A UK research team backed by Public Health England and the Culture Department has concluded that singing produces no more aerosols than speaking loudly in a pub.
The researchers – from Imperial College, Bristol University, the Royal Brompton Hospital and three other centres – studied the aerosols emitted by 25 professional singers.
They found that the numbers rose with any increase of vocal activity, no matter whether singing or speaking, in church or concert, classical or rock music.
Jonathan Reid, Professor of physical chemistry at Bristol, said: ‘Our research has provided a rigorous scientific basis for Covid-19 recommendations for arts venues to operate safely for both the performers and audience by ensuring that spaces are appropriately ventilated to reduce the risk of airborne transmission.’
This is hugely encouraging, vastly more so than the latest German studies.

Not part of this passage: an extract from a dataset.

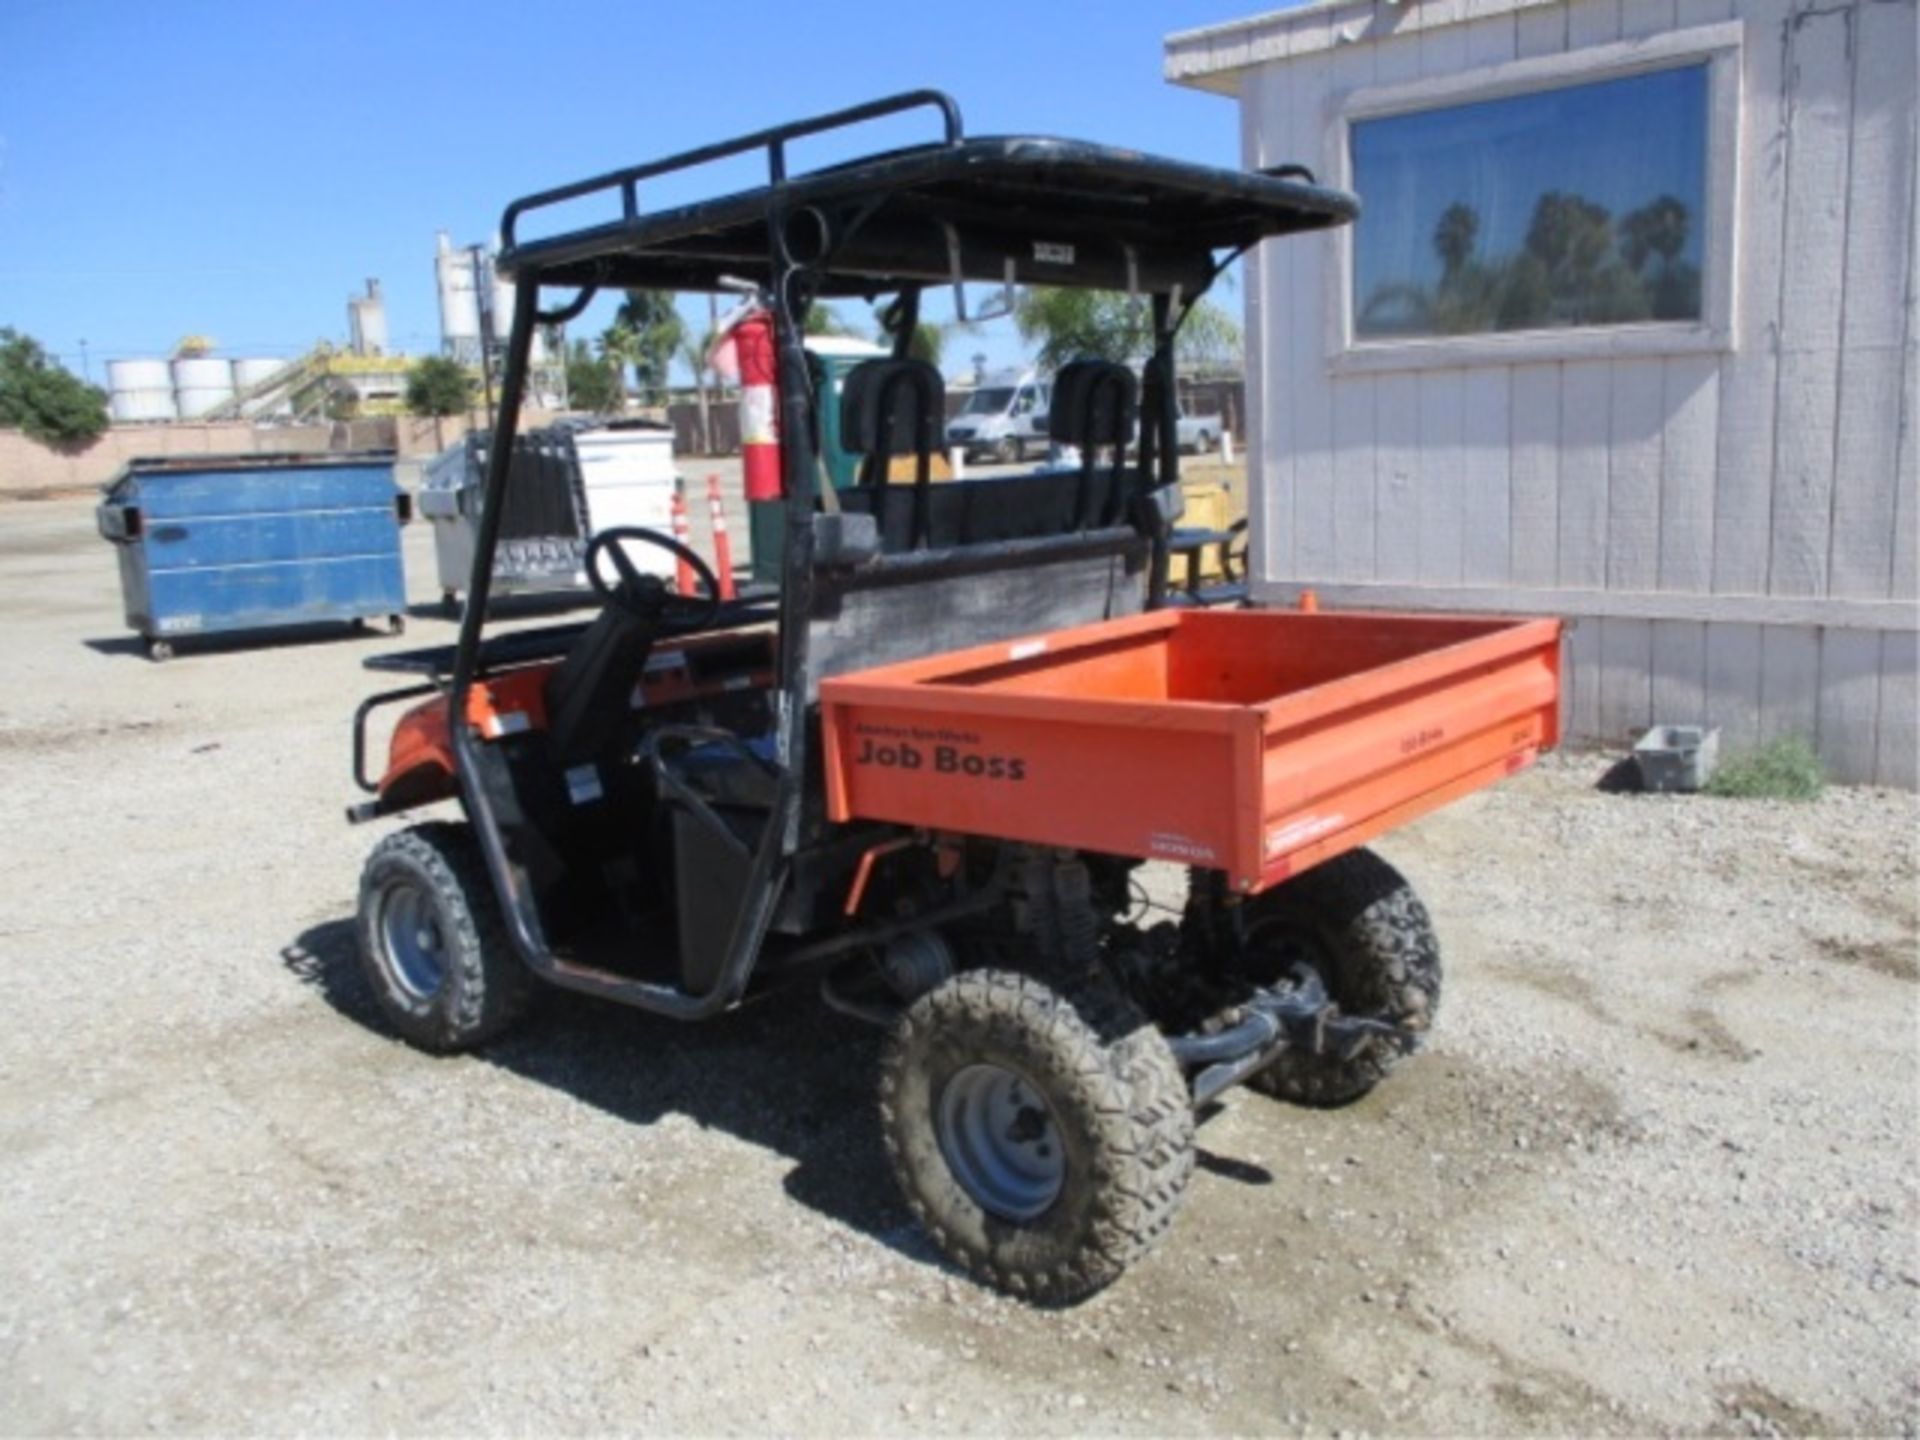 2008 American Sportworks Job Boss Utility Cart, Honda Gas, Rear Metal Dump Bed, Canopy, Tow Hitch, - Image 19 of 50

Culture Secretary Oliver Dowden said: ‘Singing is an important passion and pastime for many people who I’m sure will join me in welcoming the findings of this important study.’
UPDATE: Some more from the Bristol team:
While singing does not produce very substantially more aerosol than speaking at a similar volume. The researchers discovered that there is a steep rise in aerosol mass with increase in the loudness of the singing and speaking, rising by as much as a factor of 20-30.
Musical organisations could consider treating speaking and singing equally, with more attention focused on the volume at which the vocalisation occurs, the number of participants (source strength), the type of room in which the activity occurs (i.e. air exchange rate) and the duration of the rehearsal and period over which performers are vocalising.